# 2006 Pathfinder 4wd problems



## YWG Pathy (Dec 20, 2008)

Bear with me if my problem is already covered here somewhere; I'm new to this..

I have a 2006 Pathfinder LE. When I shift from 2H to 4H, the front wheels on the instrument cluster icon blink for a long time (10 minutes or more), before they come one steady. Sometimes they don't come on at all (ie I select 4H mode, but the thing stays in 2WD mode). I do this only on snowy roads (I'm in Canada, eh?), and I'm driving in more or less a straight line at moderate speed (30MPH or less). On the rare occaision that it does go into 4WD mode, it takes a very long time to go back to 2WD mode. Again, the front wheels on the instrument cluster icon blink for a long time before they go off. Sometimes they do go off, other times the entire icon goes blank and the 4WD caution light illuminates.

Any suggestions? There are only 30000 miles on the truck.

Thanks
Doug


----------



## metro273 (Sep 16, 2005)

The owners manual contains plenty of useful information pertaining to your Pathfinder...:newbie:


----------



## NPath (Dec 12, 2004)

YWG Pathy said:


> Bear with me if my problem is already covered here somewhere; I'm new to this..
> 
> I have a 2006 Pathfinder LE. When I shift from 2H to 4H, the front wheels on the instrument cluster icon blink for a long time (10 minutes or more), before they come one steady. Sometimes they don't come on at all (ie I select 4H mode, but the thing stays in 2WD mode). I do this only on snowy roads (I'm in Canada, eh?), and I'm driving in more or less a straight line at moderate speed (30MPH or less). On the rare occaision that it does go into 4WD mode, it takes a very long time to go back to 2WD mode. Again, the front wheels on the instrument cluster icon blink for a long time before they go off. Sometimes they do go off, other times the entire icon goes blank and the 4WD caution light illuminates.
> 
> ...


I don't know what the problem is, my best suggestion is take it to the dealer, seeing that you still have warranty left.

I've been switching from 2wd to 4lo during the week and I don't have the issues you've listed.

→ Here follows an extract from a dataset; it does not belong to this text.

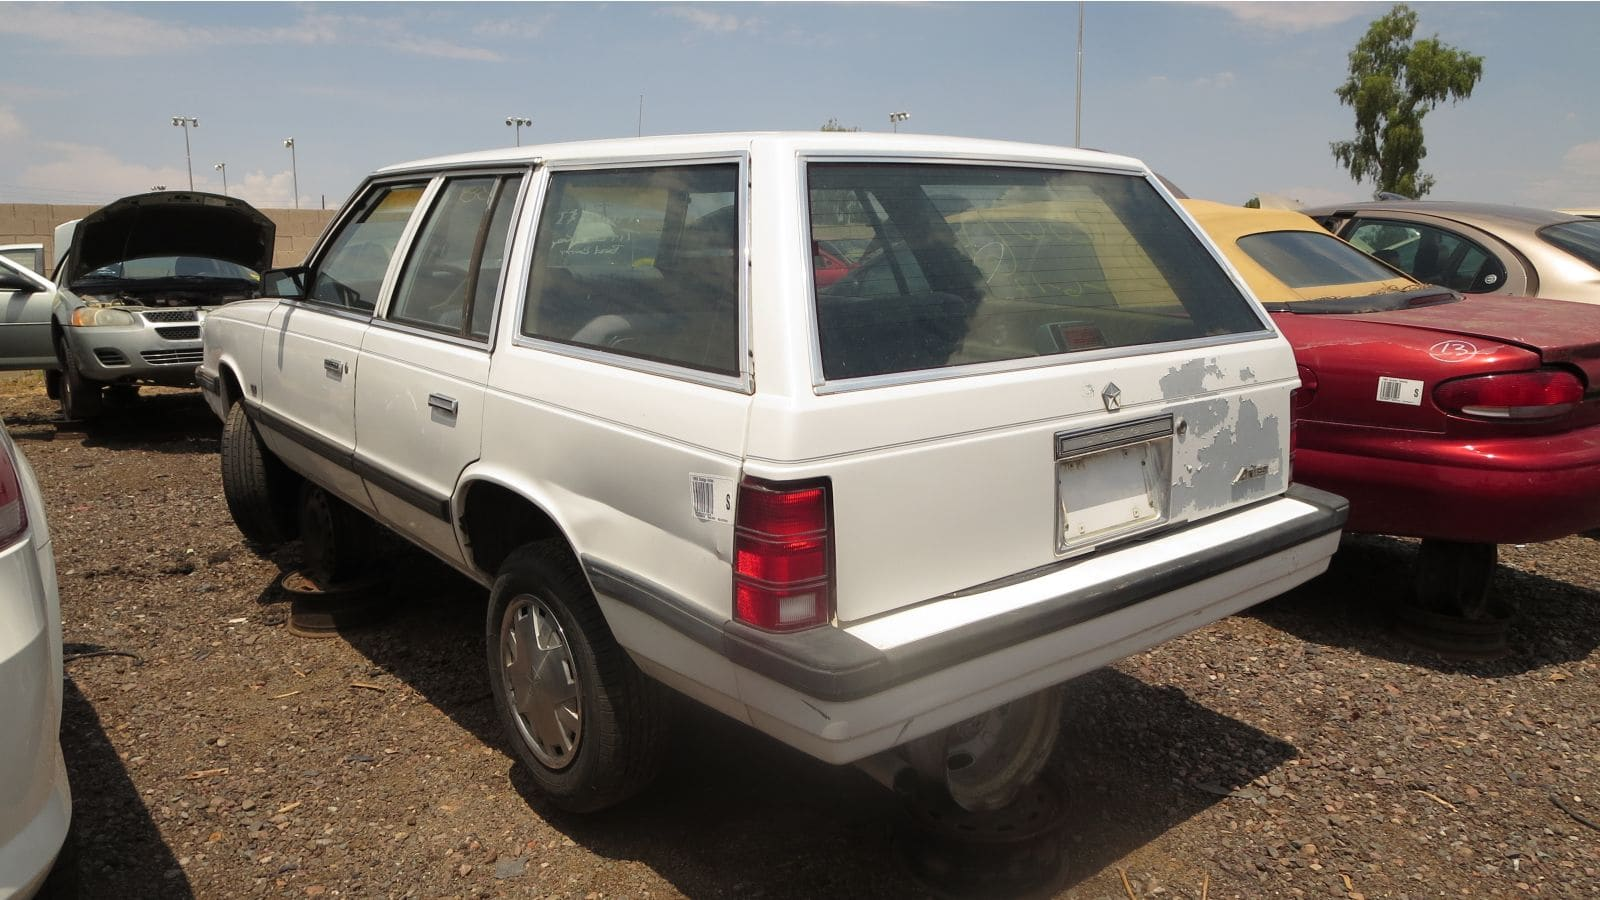 Junked 1988 Dodge Aries wagon
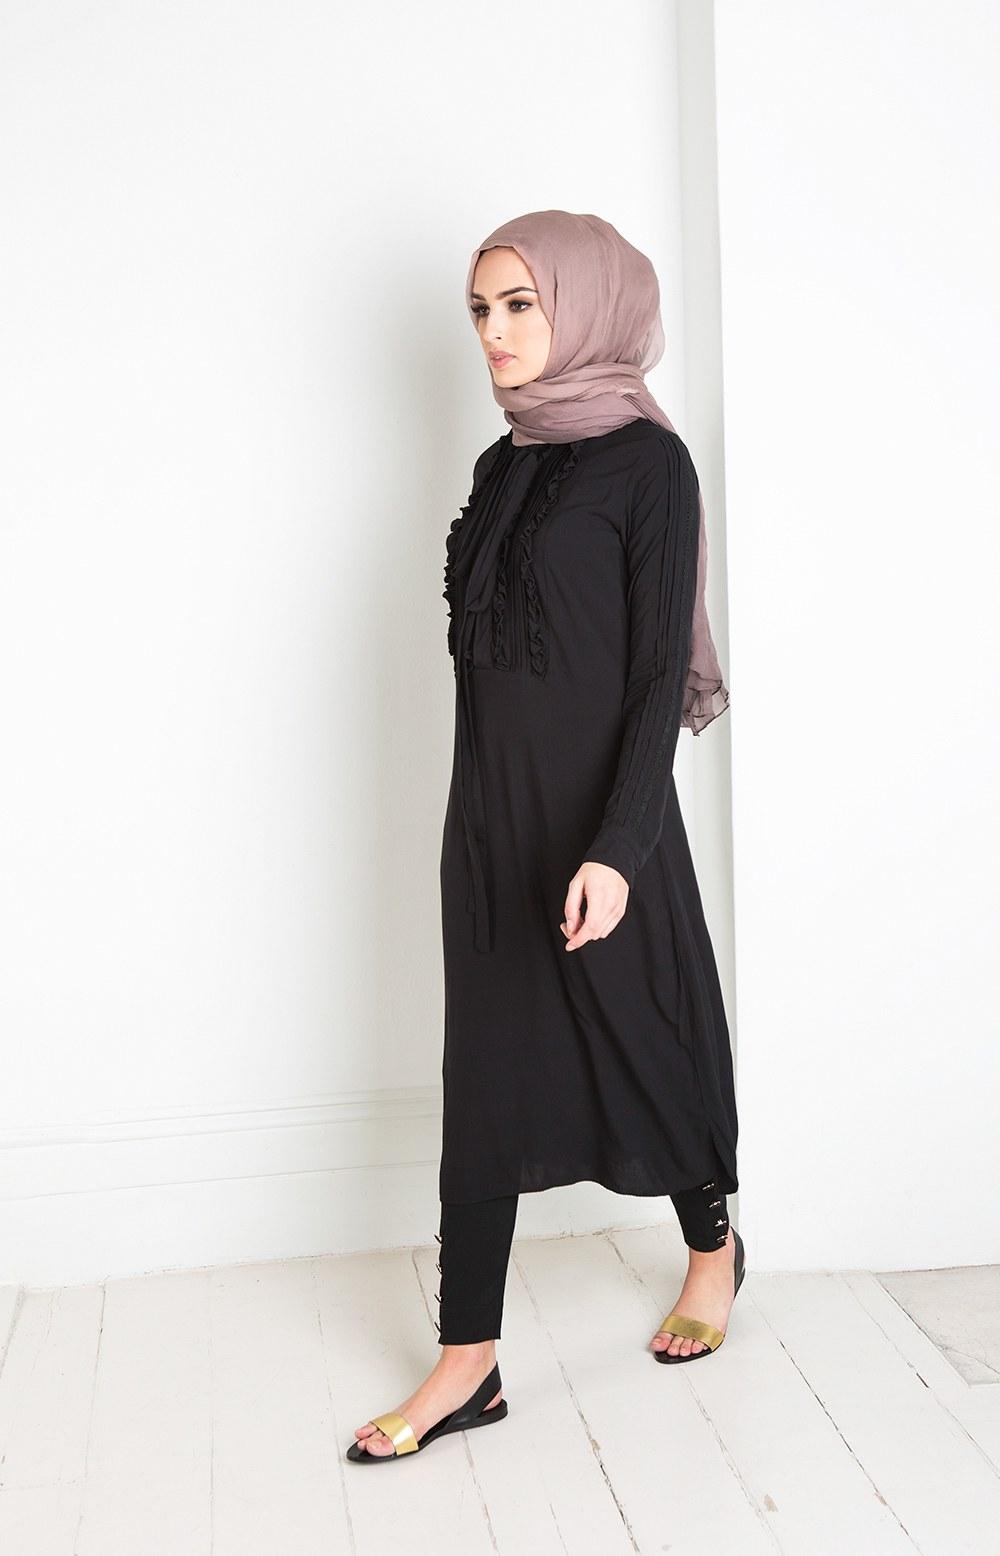 Bentuk Model Baju Lebaran Modern Q0d4 25 Trend Model Baju Muslim Lebaran 2018 Simple & Modis

Whatever selection I place it into, I get, no waits, no flashes no noise.


----------



## Calimoxo2 (Jan 25, 2005)

Any chance you have a drastically different size tire on front/back?


----------



## NPath (Dec 12, 2004)

If you still have the problem, switch it to 2wd and back up a few meters or a bit more. The first generation Pathfinders use this method to get out of 4wd, dumb idea.


----------



## YWG Pathy (Dec 20, 2008)

UPDATE:

I took it to the dealer. They determined (and I agree) that when 4H is selected, all four wheels are driving, even though the two front wheels on the icon are only blinking. This is contrary to the owner's manuals. The front wheels on the icon should come on steady. After trying many things for many days (switching back and forth betwen 2H and 4H, reversing and going forward, lurching the vehicle, etc), I finally had one occaision where I switched from 2H mode to 4H mode; all four wheels were driving and the front wheels on the icon were on steady. Problem then was when I switched back to 2H mode, the front wheels on the icon resumed their continuous blinking. Eventually the icon when completely blank and the amber 4WD caution light illuminated.

I've got a download copy of the service manual, and oddly there is no chapter on transfer case. Anyone know where I can get one?

I'm on my way back to the dealer.


----------



## Hasbin (Jan 18, 2009)

I have this problem with my 2005 except it's getting out of 4WD that the switch/icon won't complete. If I'm in 4WD and select 2WD, the icon flashes all the time and won't stop. To get the icon back to normal 2WD (no flashing) I need to turn a corner at slow speed, then it will stop flashing and become normal again.
My warranty is finished and I don't want to see the dealer for this 'icon' problem so please keep us up to date on what the dealer says, YWG Pathy. Thanks.


----------



## mpe235 (Jan 19, 2009)

If the amber light is coming on the system should have stored a code. The dealer should have checked that first.


----------



## charl1 (Nov 30, 2015)

*4 wheel indicator coming on while not engaged and slowing down vehicle movement/speed*

while driving the 4 wheel indicator comes on on the dash board while not engaged and slowing down vehicle movement/speed


----------



## charl1 (Nov 30, 2015)

I have a 2006 model pathfinder LE. The slip and 4 wheel drive indicators have been showing on the dash board in recent time. Whenever these signs comes up, the vehicle speed and engine rev slows down.


----------



## smj999smj (Jan 1, 2006)

You'll need to take it to a shop or dealer and have the 4WD trouble codes read.


----------